ASSIGNMENT: Without including any pictures, give back all of the data exactly.

THE DATA:
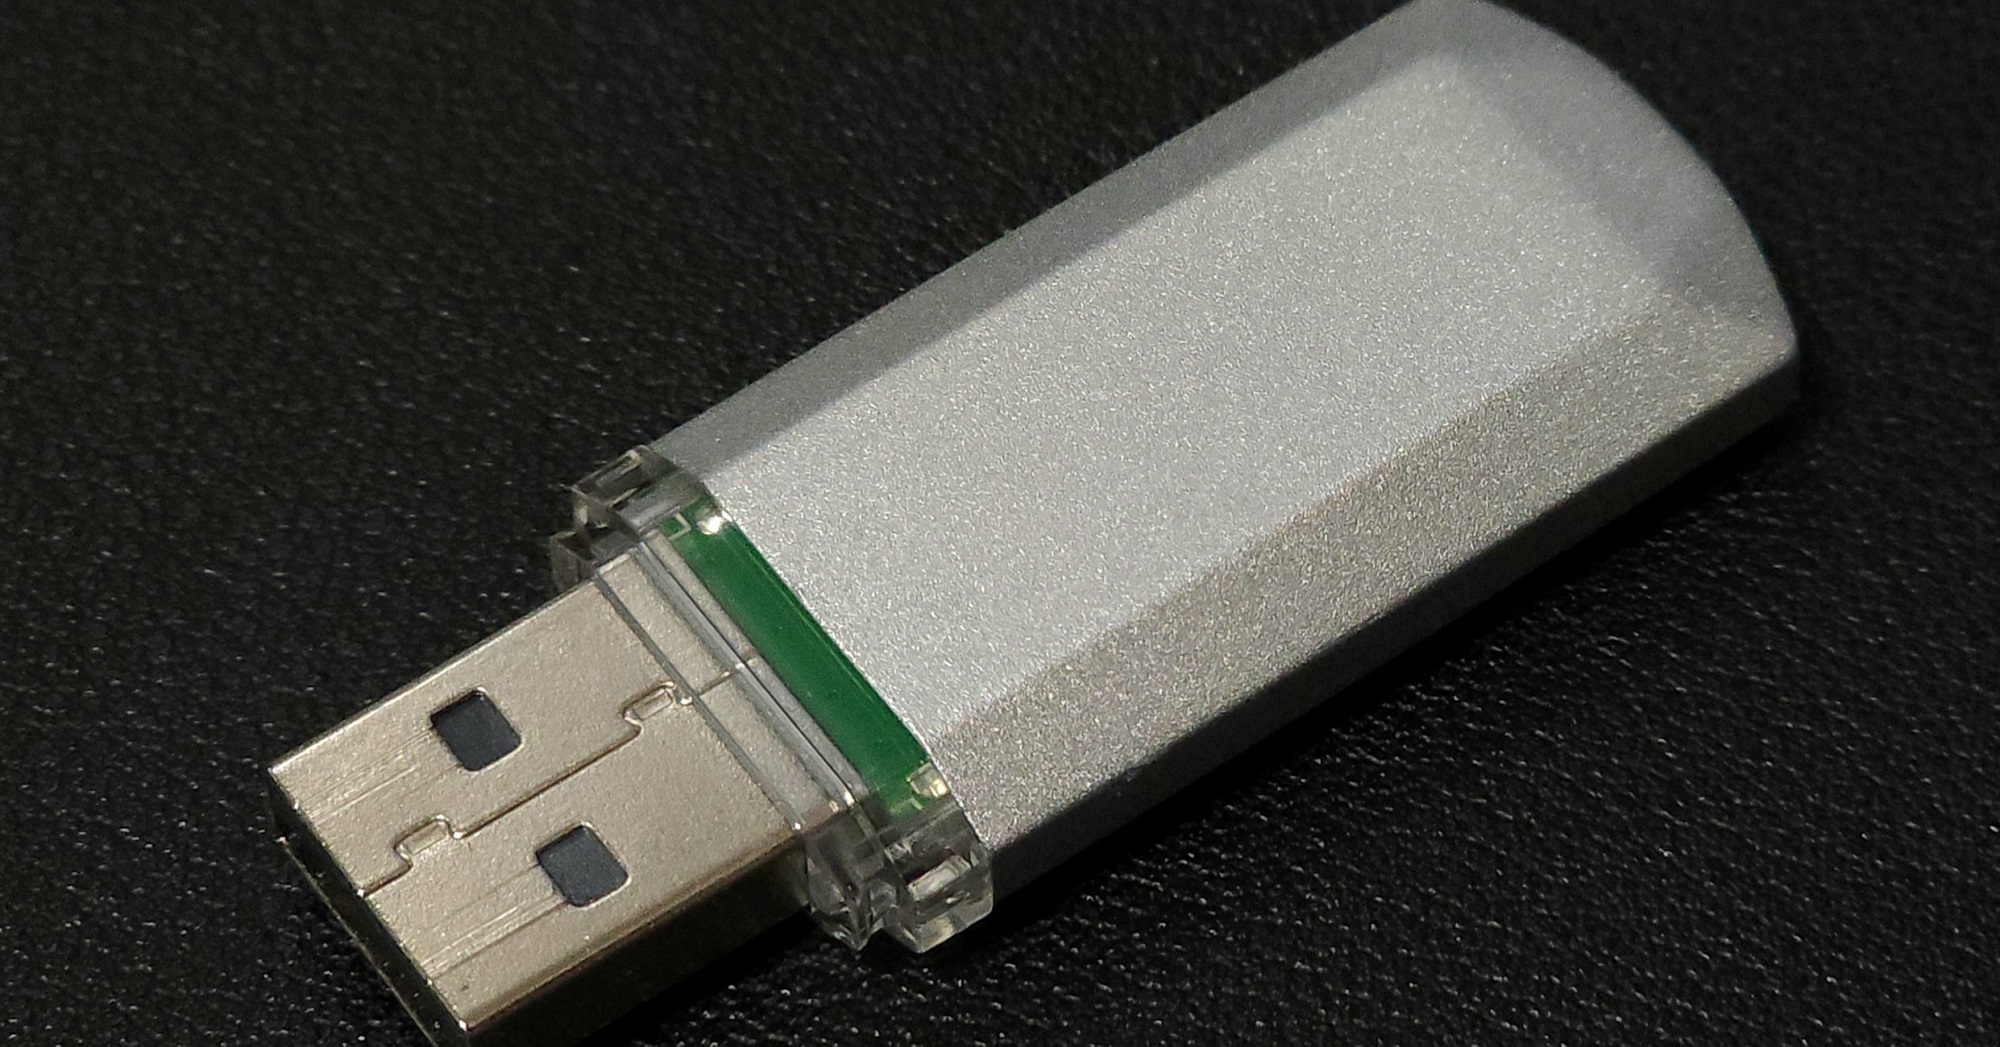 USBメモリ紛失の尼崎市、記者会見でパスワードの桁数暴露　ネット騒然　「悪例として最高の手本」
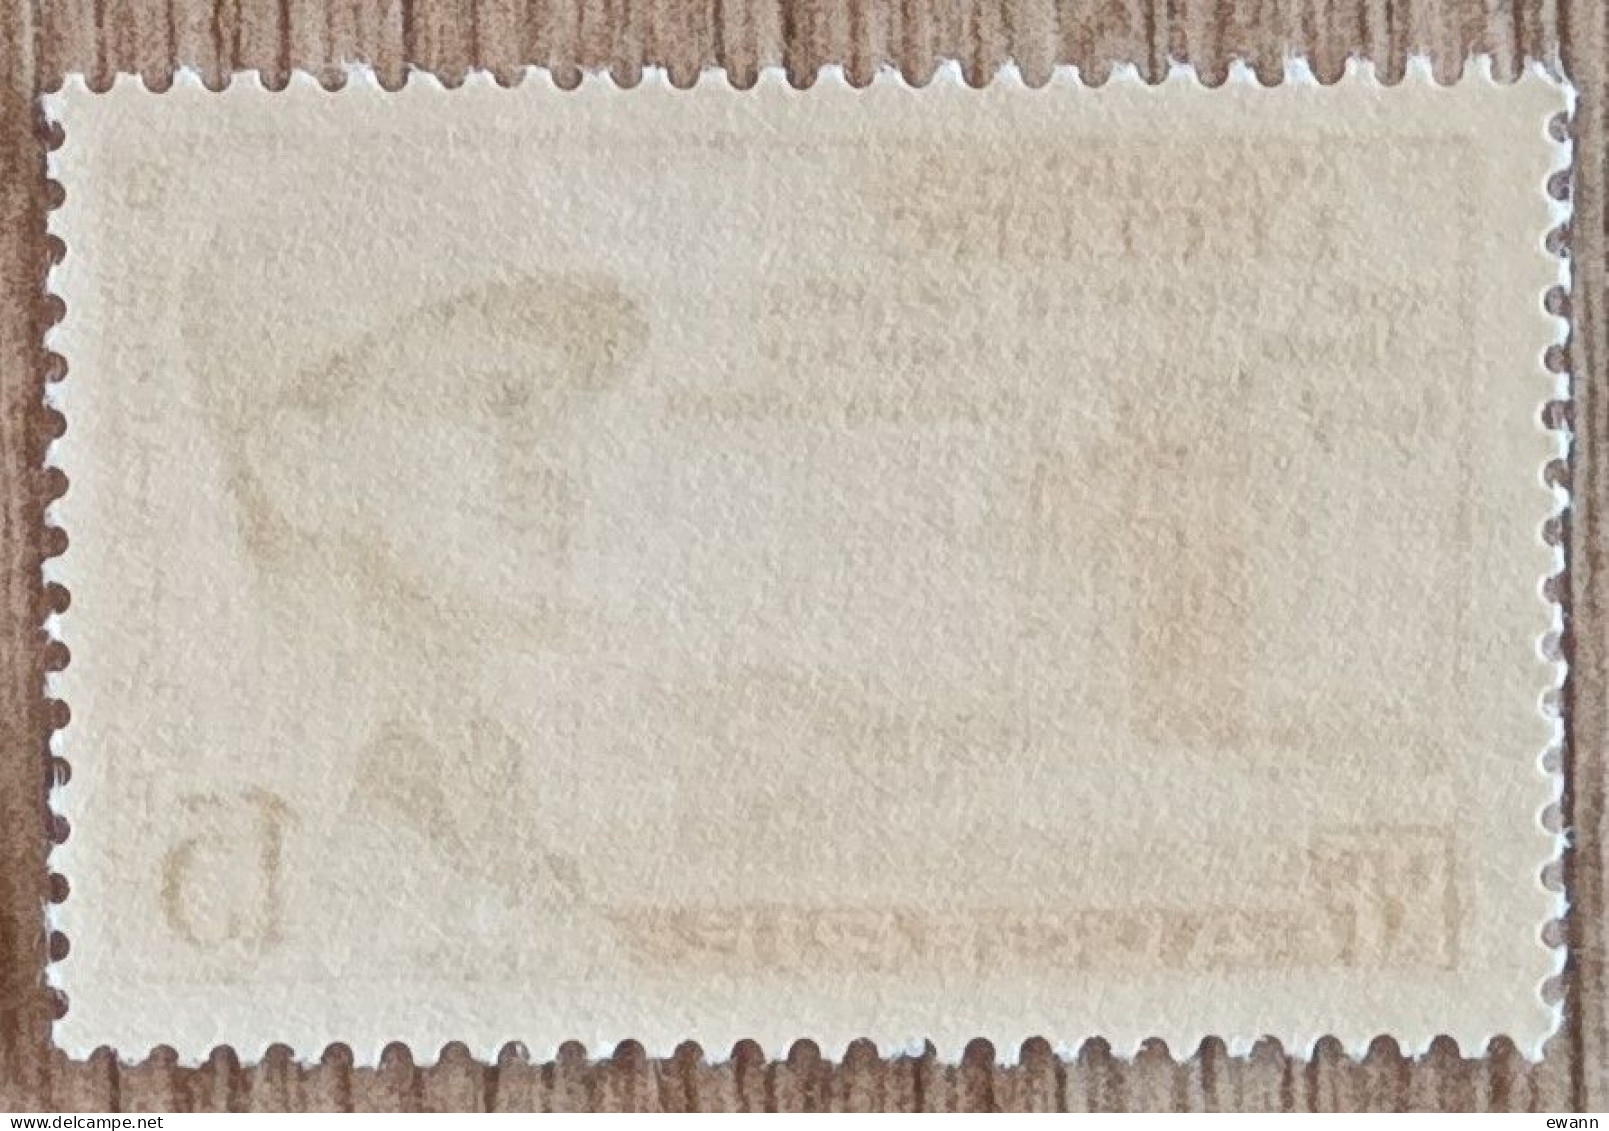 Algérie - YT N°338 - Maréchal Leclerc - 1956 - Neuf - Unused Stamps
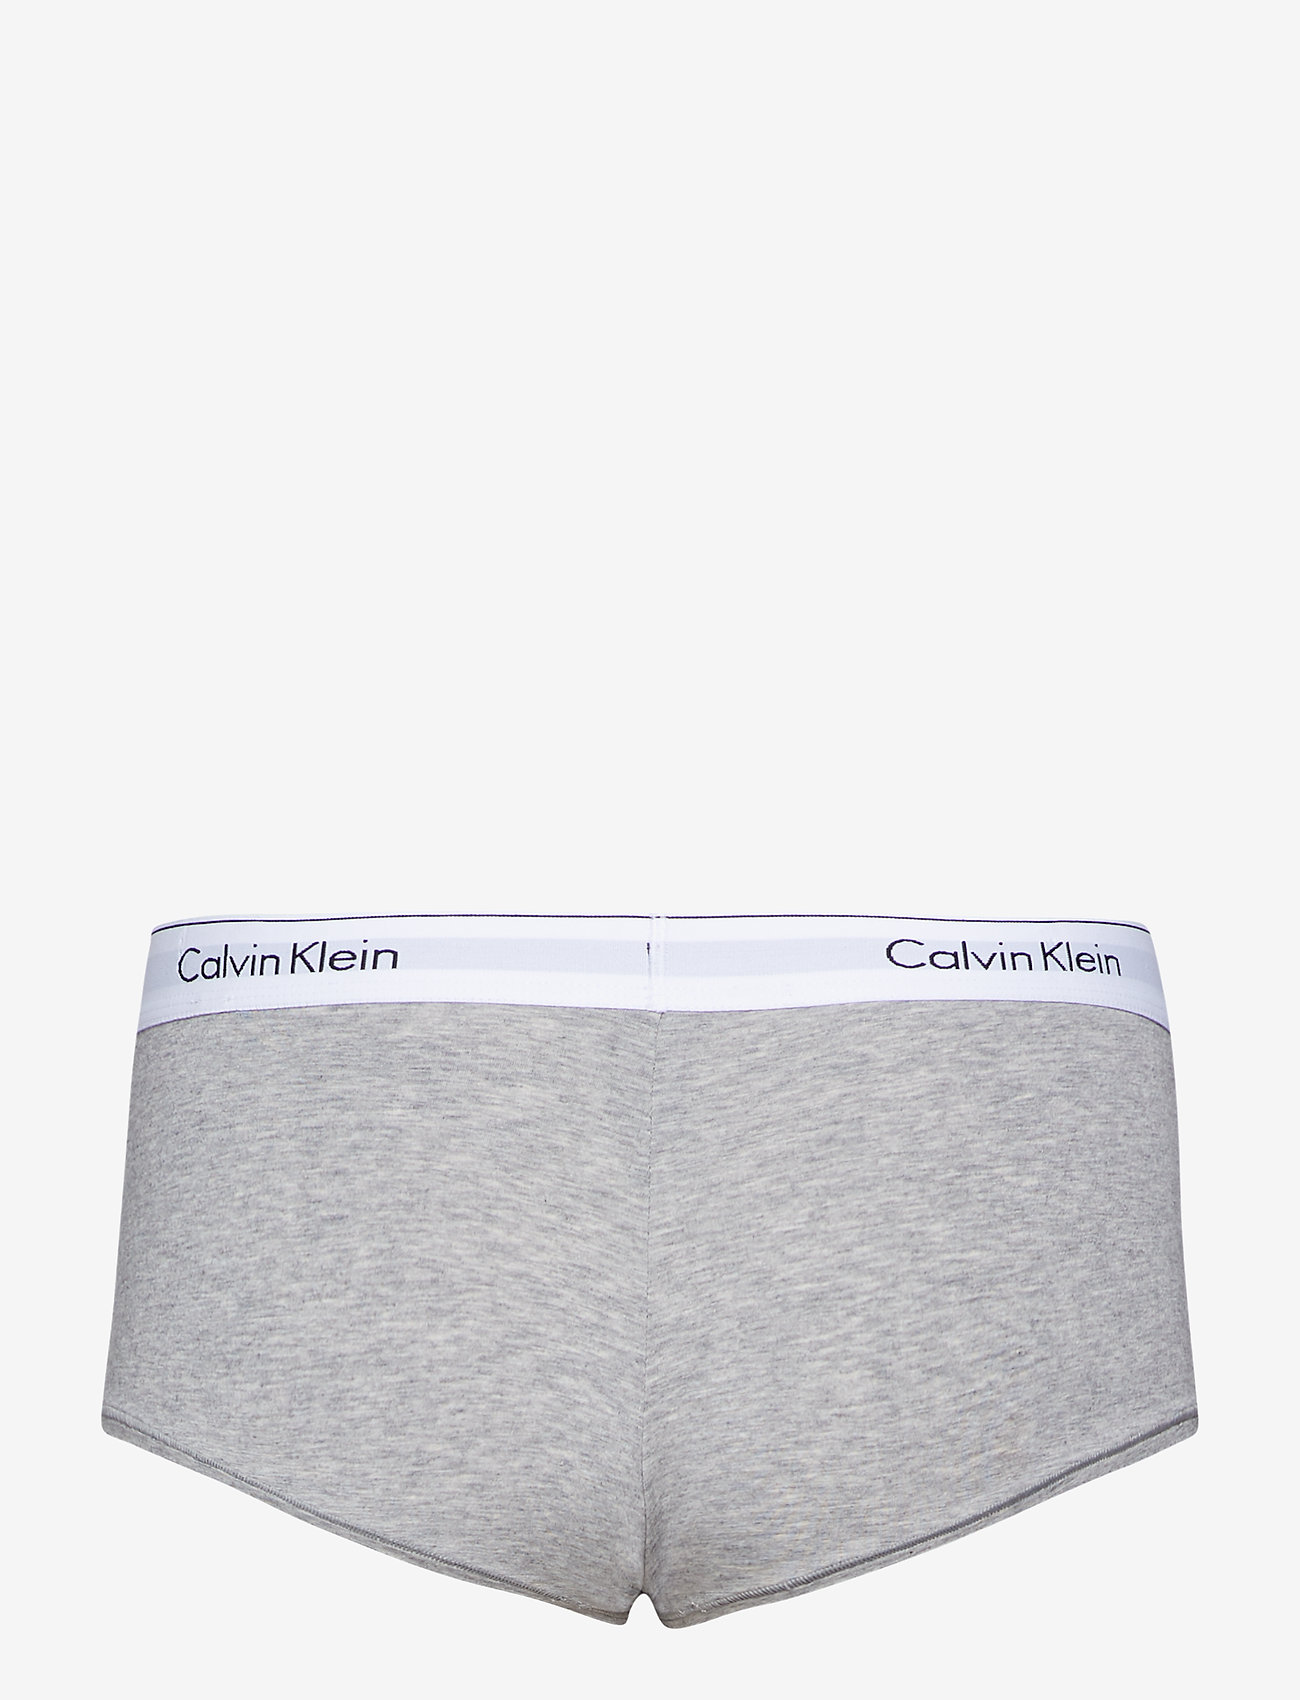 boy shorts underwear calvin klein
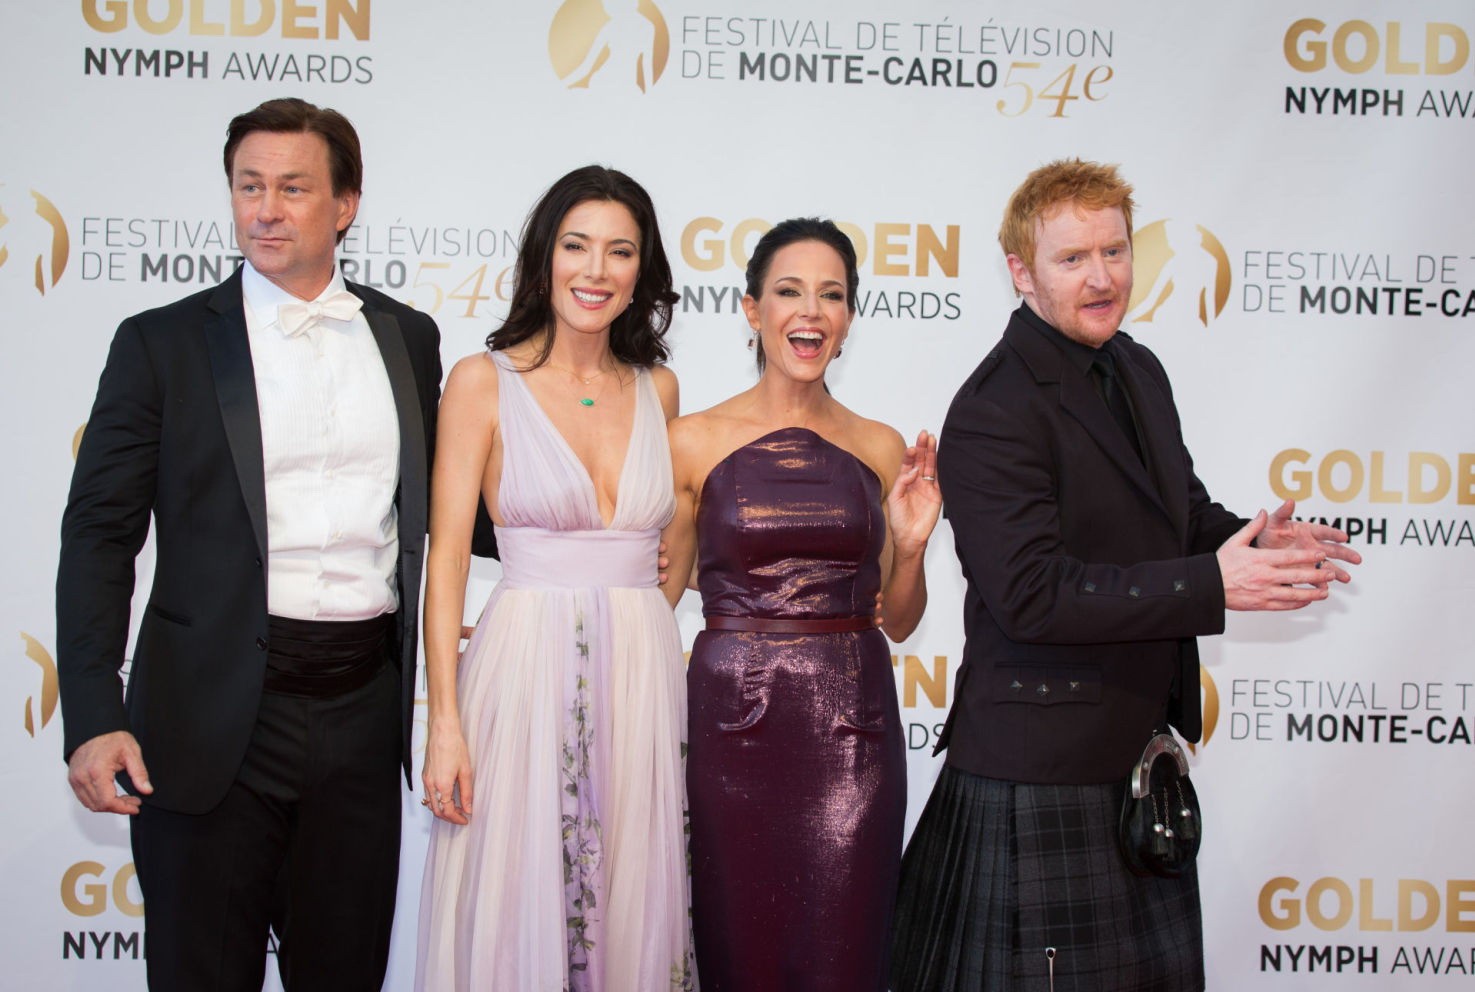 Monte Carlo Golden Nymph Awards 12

ANSWER TO THIS TASK:
 USBメモリ紛失の尼崎市、記者会見でパスワードの桁数暴露　ネット騒然　「悪例として最高の手本」
 Algérie - YT N°338 - Maréchal Leclerc - 1956 - Neuf - Unused Stamps
 boy shorts underwear calvin klein
 Monte Carlo Golden Nymph Awards 12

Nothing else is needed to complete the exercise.